### [Activity]
Copy the records below exactly, starting at the line that contains "Master Series Kennel" and ending at the line that contains "An image of"; leave out any pictures.

### [Excerpted records]
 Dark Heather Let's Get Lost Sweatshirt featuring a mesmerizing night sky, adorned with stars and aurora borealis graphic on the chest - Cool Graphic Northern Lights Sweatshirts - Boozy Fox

...

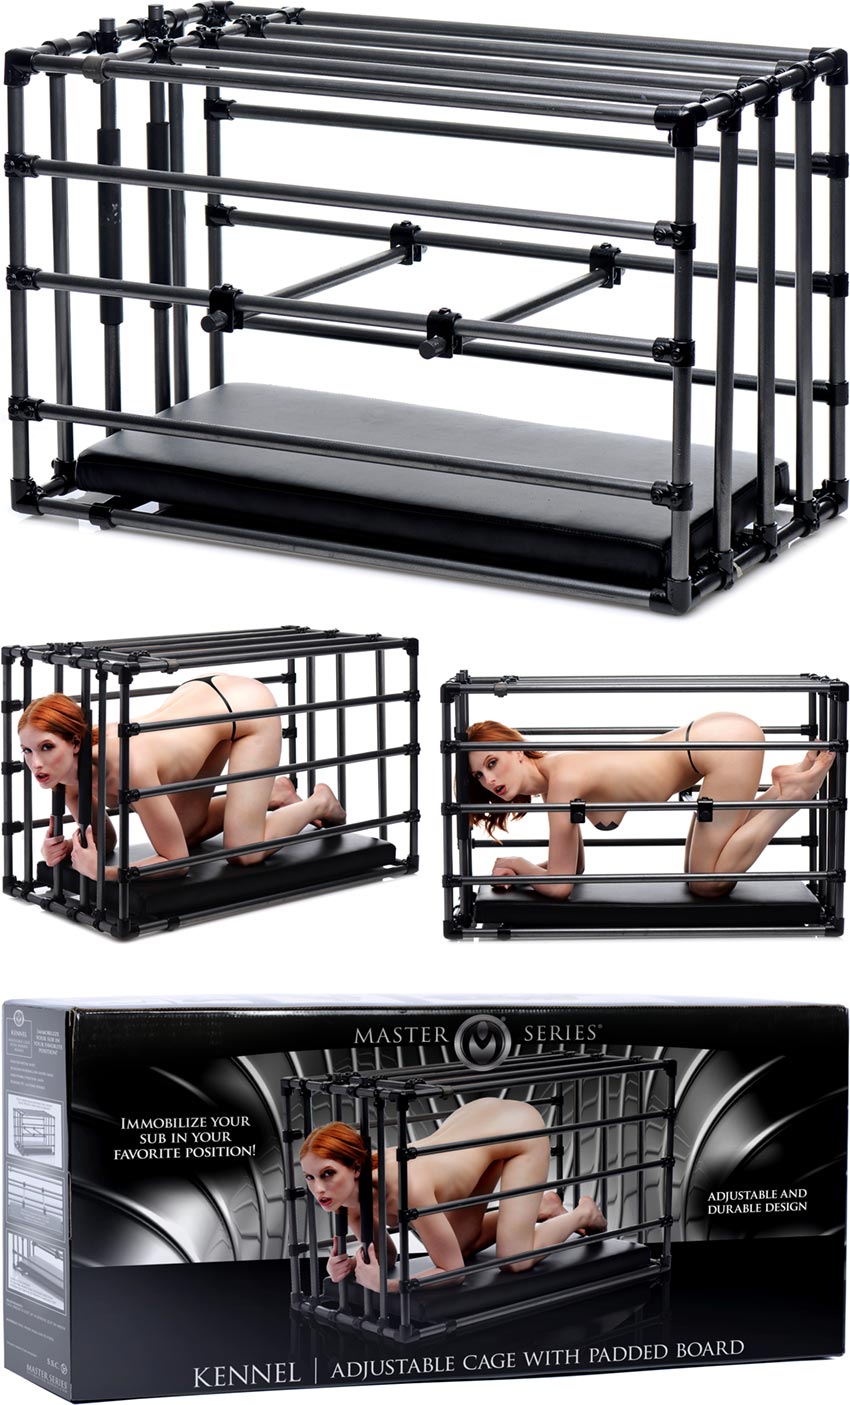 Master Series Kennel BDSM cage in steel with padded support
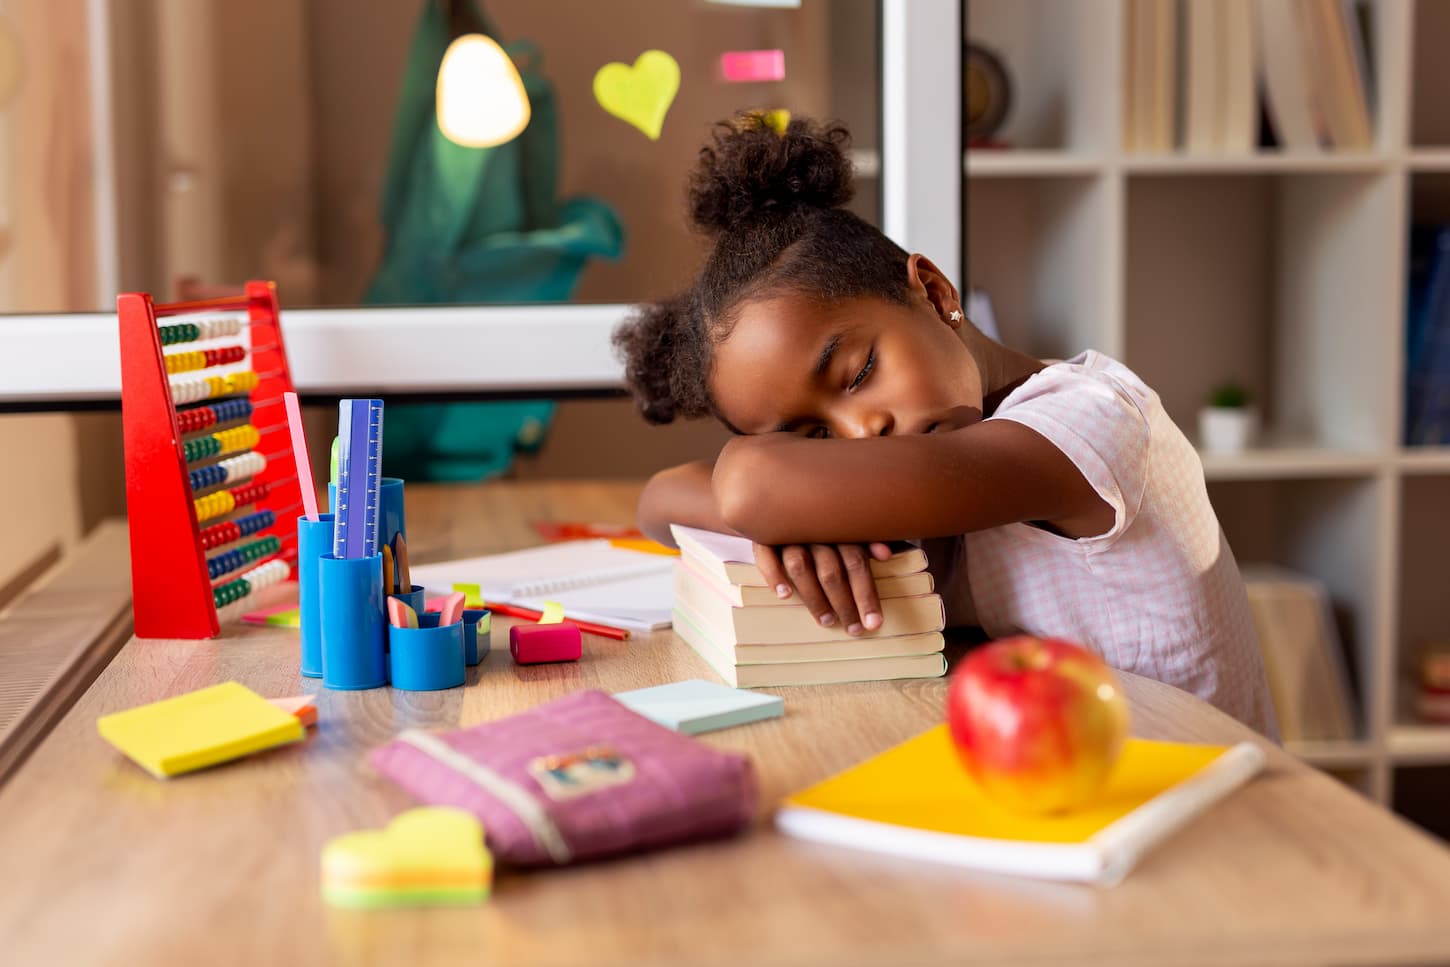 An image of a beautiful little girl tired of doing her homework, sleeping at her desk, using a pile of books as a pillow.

...

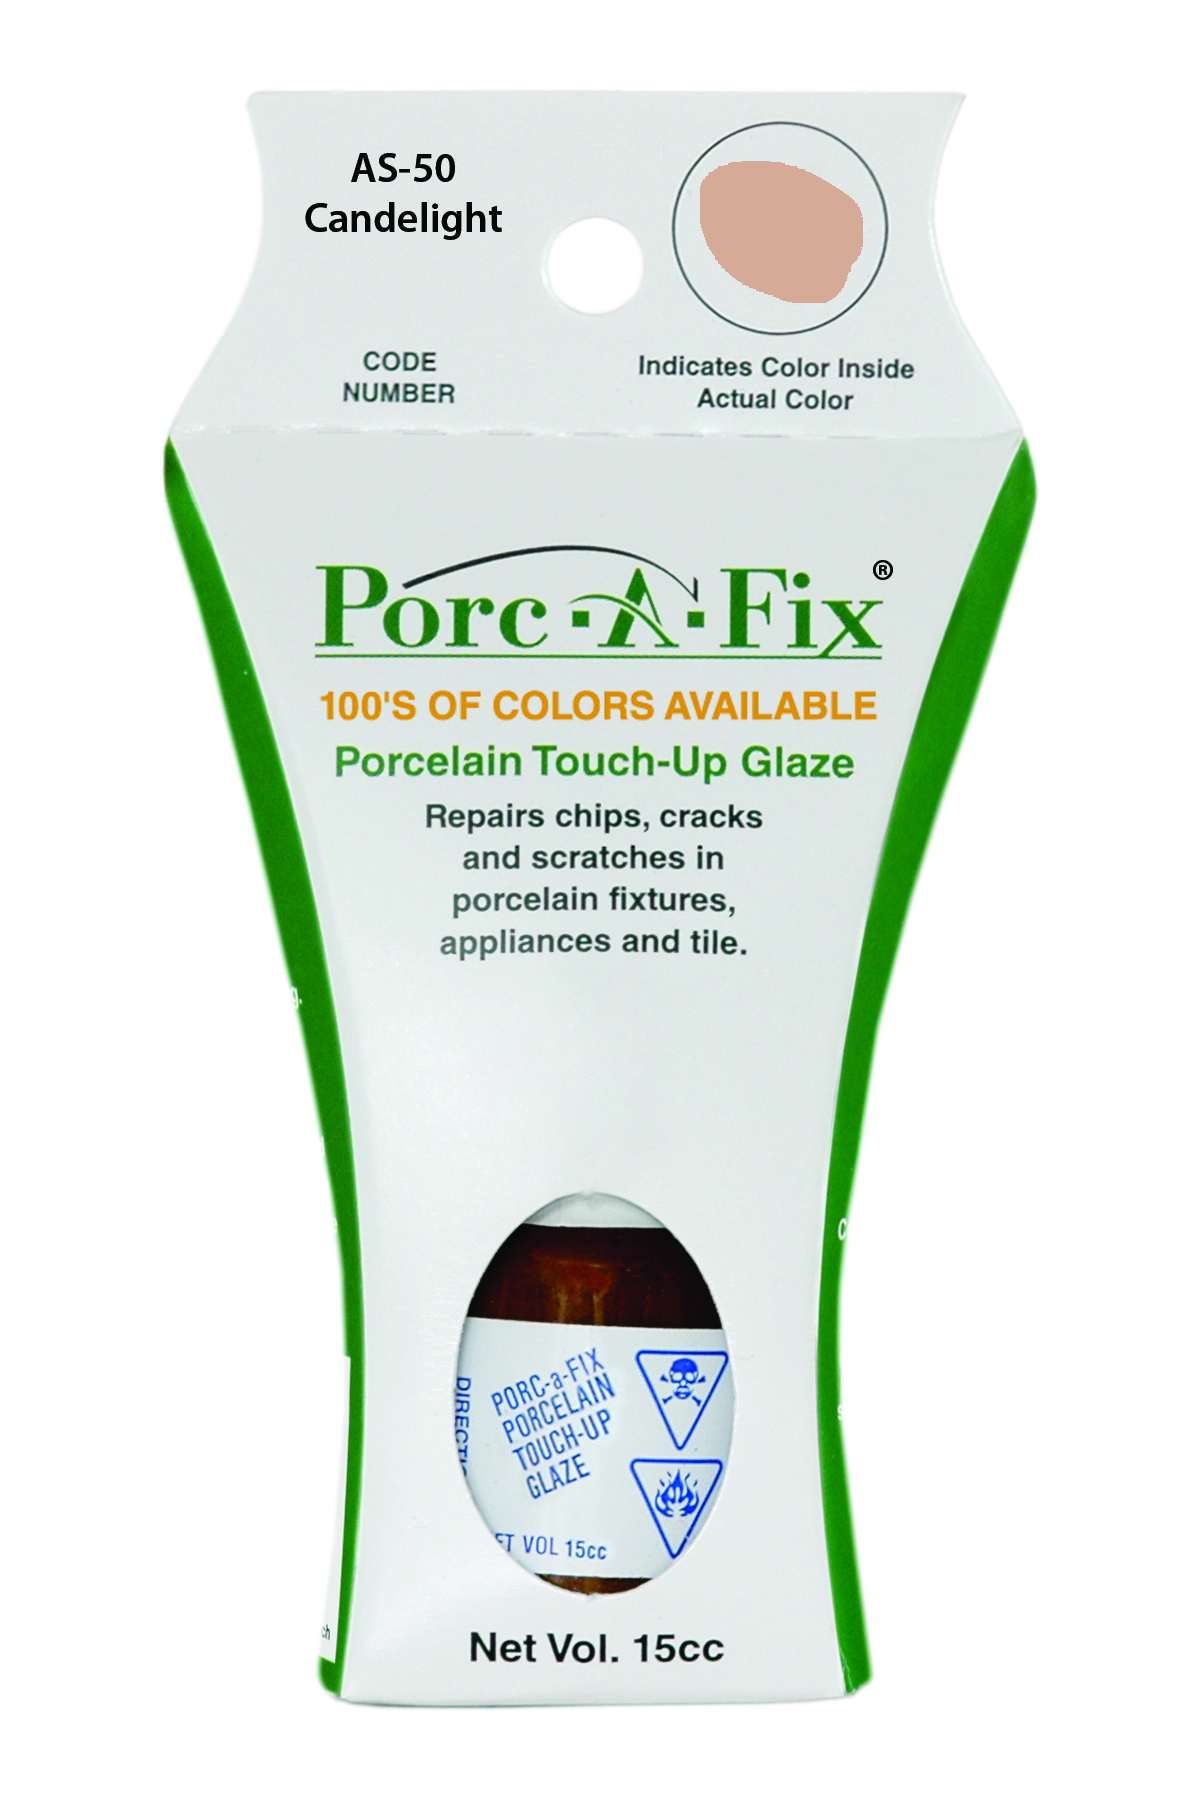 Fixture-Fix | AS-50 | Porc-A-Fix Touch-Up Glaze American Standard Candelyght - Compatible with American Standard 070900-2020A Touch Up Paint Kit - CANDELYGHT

### [Answer to this task]
 Master Series Kennel BDSM cage in steel with padded support
 An image of a beautiful little girl tired of doing her homework, sleeping at her desk, using a pile of books as a pillow.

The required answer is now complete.